(Records)
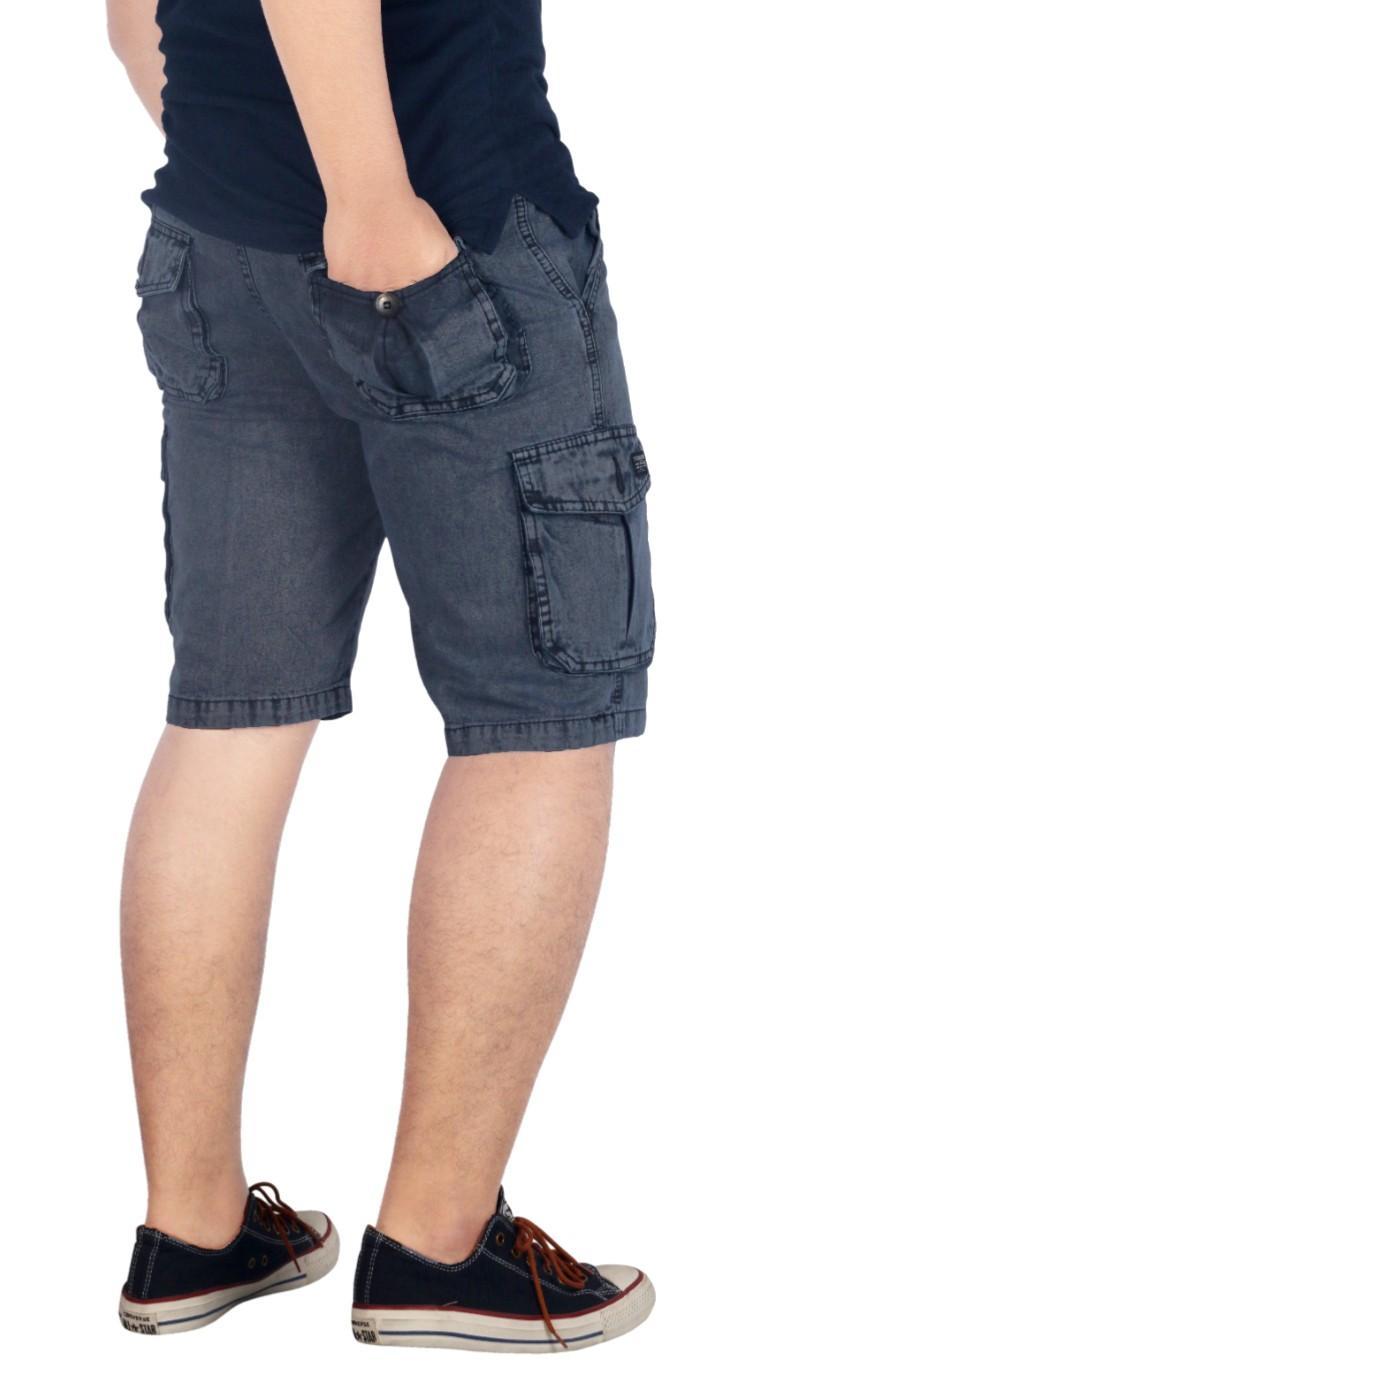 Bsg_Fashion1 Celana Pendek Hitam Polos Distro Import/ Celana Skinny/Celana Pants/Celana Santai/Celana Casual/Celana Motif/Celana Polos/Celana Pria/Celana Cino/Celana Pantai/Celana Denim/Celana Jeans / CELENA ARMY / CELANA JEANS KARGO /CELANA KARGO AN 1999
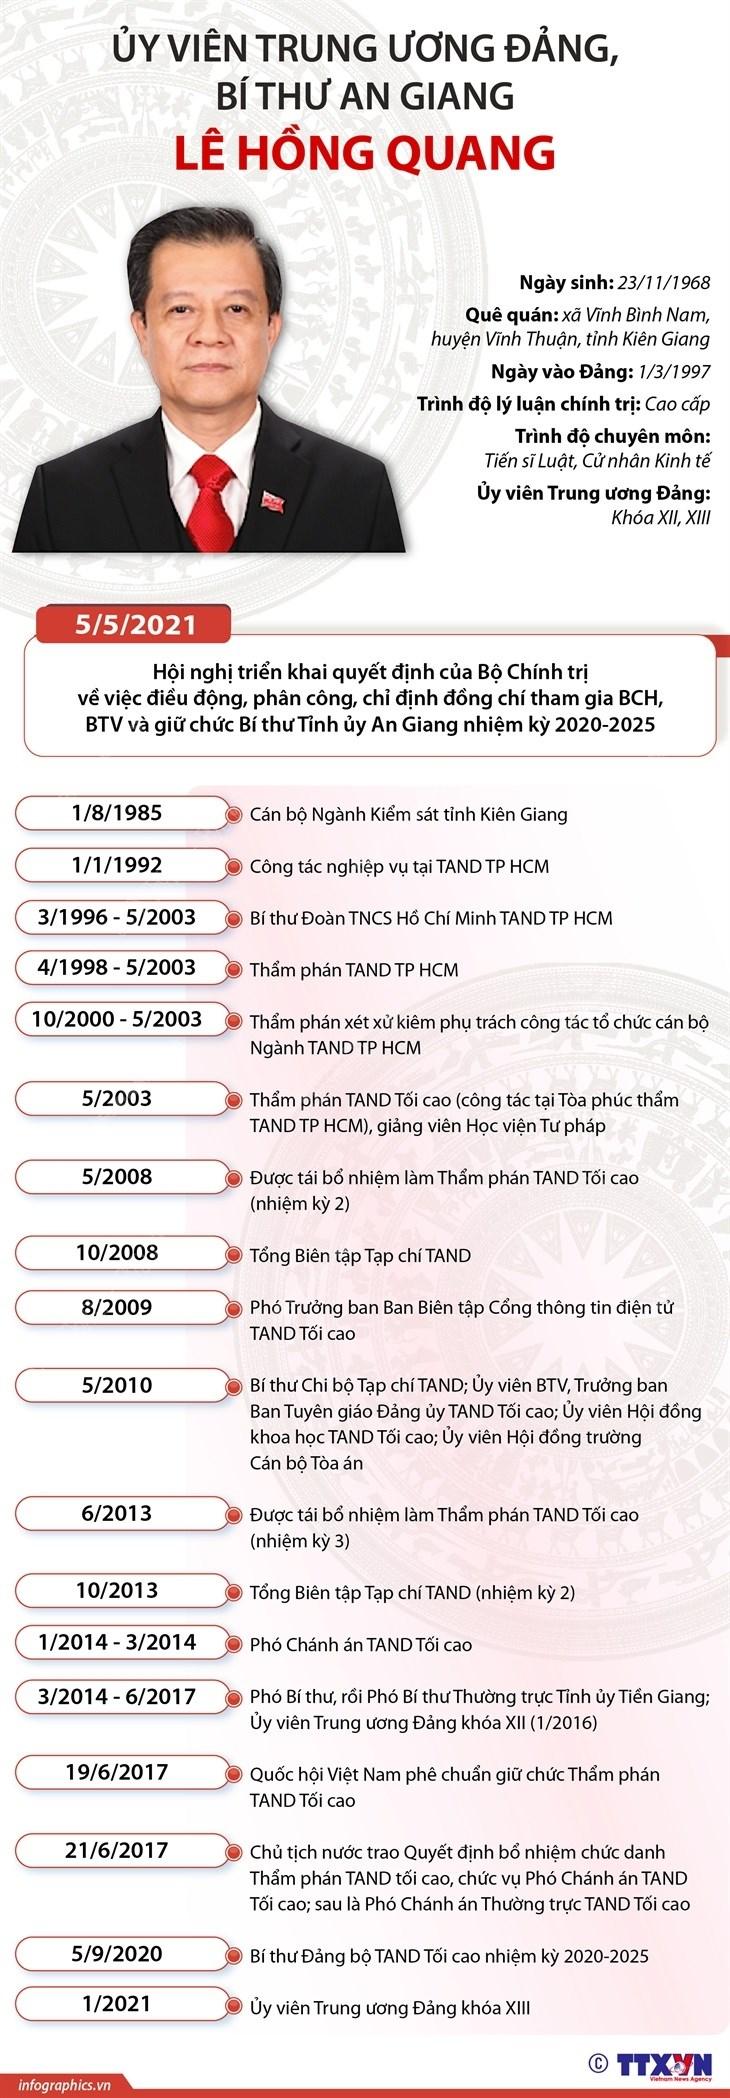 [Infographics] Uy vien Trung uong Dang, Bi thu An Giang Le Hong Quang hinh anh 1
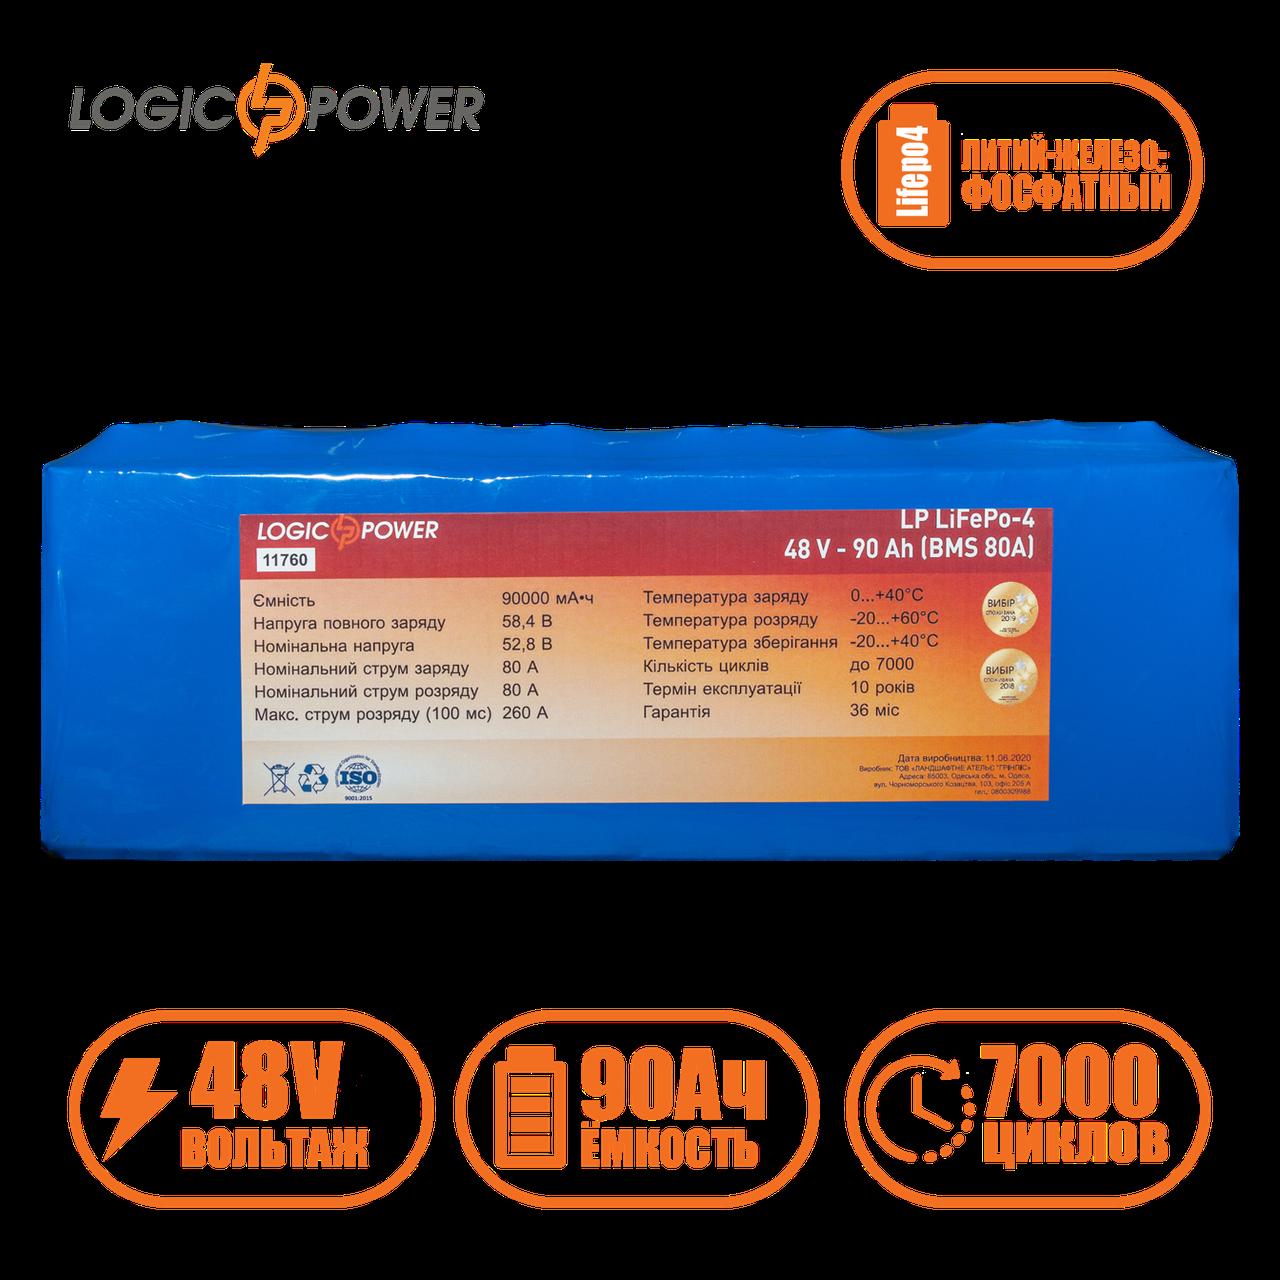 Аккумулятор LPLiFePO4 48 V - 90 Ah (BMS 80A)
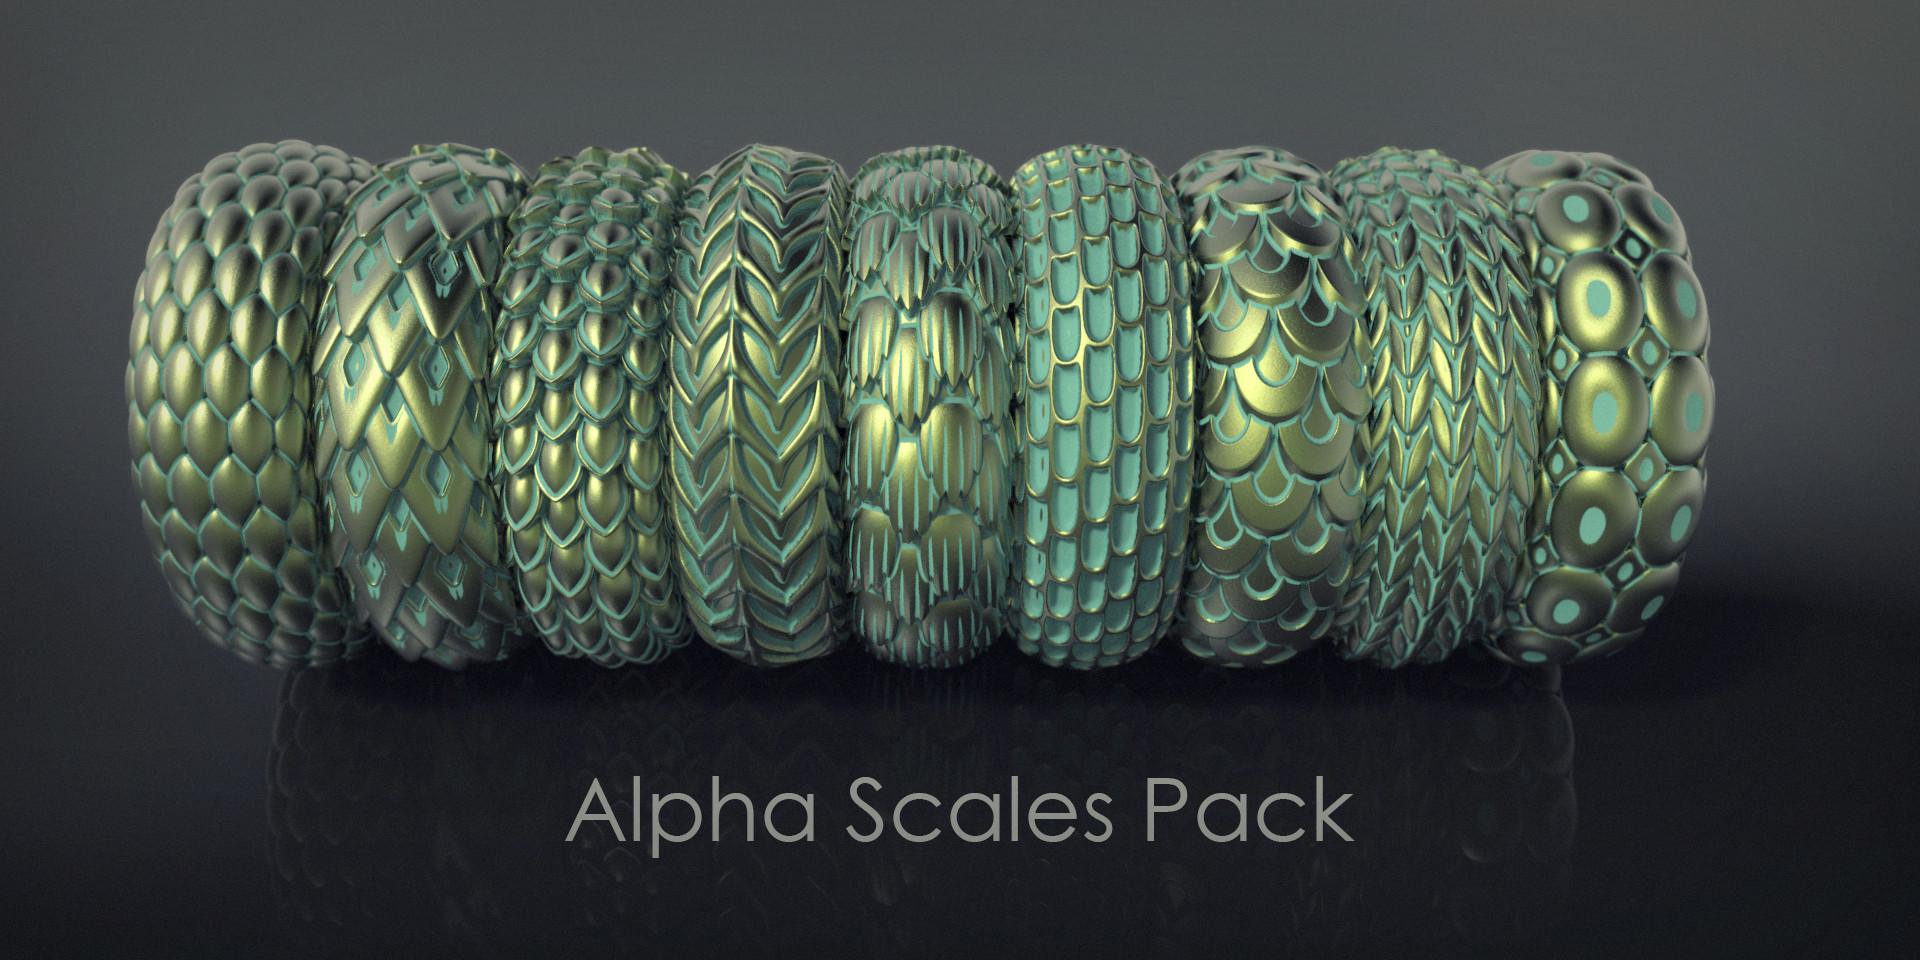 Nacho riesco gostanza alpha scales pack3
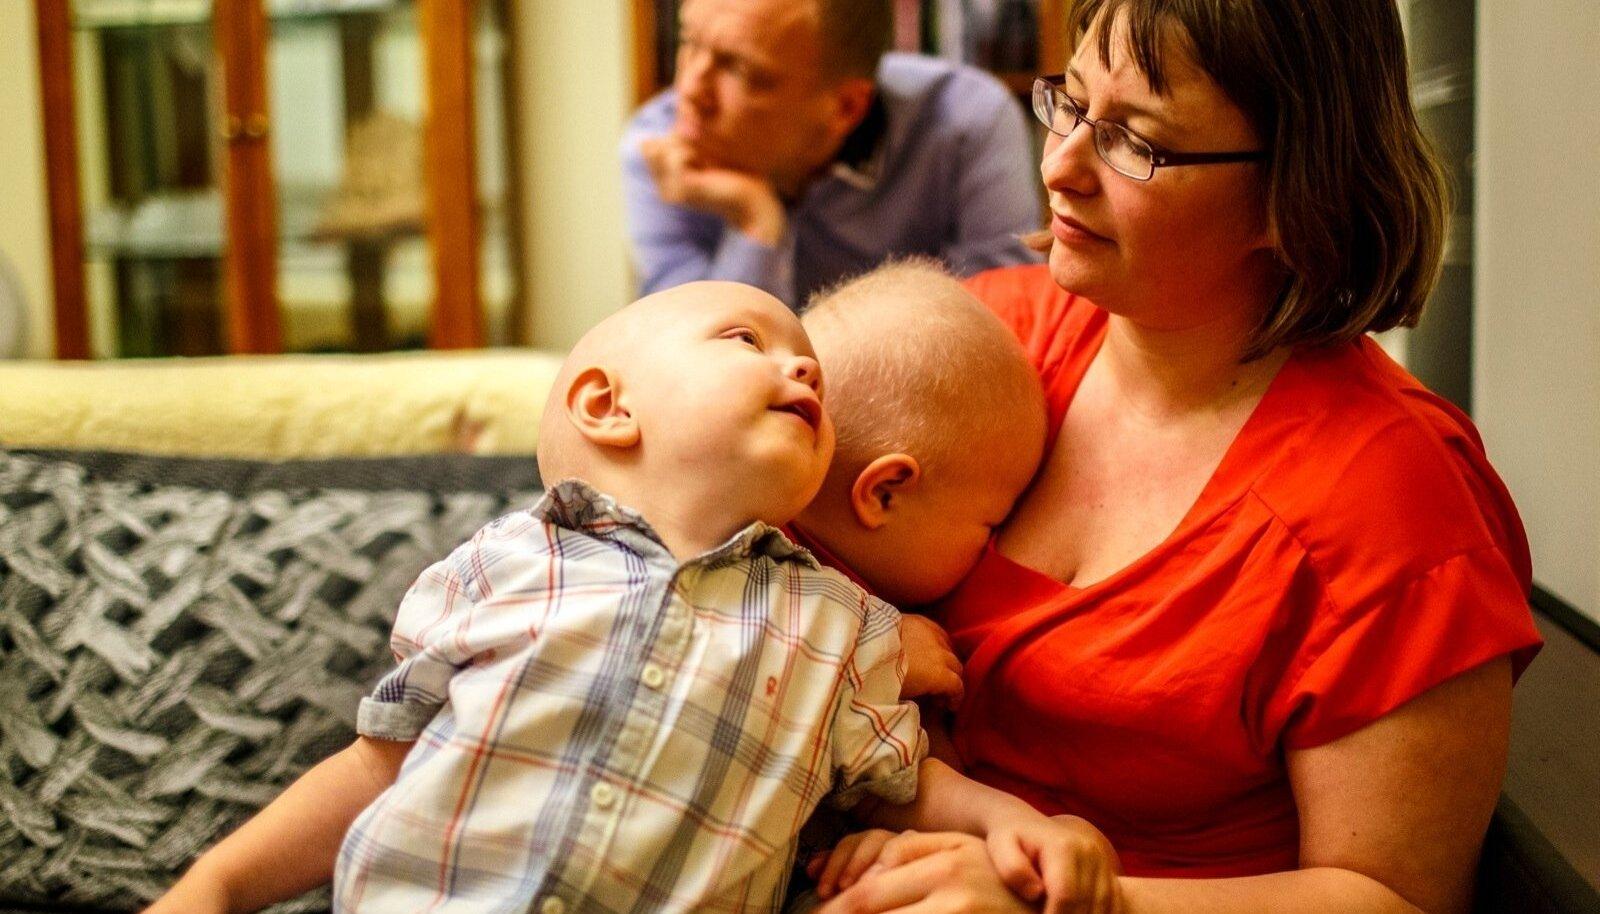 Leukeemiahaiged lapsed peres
(End Records)
Work order =>
An exact restatement is expected of the lines from the line containing "Аккумулятор LPLiFePO4 48 V - 90 Ah (BMS 80A)" to the end of the data above, pictures excluded.

Answer box =>
 Аккумулятор LPLiFePO4 48 V - 90 Ah (BMS 80A)
 Nacho riesco gostanza alpha scales pack3
 Leukeemiahaiged lapsed peres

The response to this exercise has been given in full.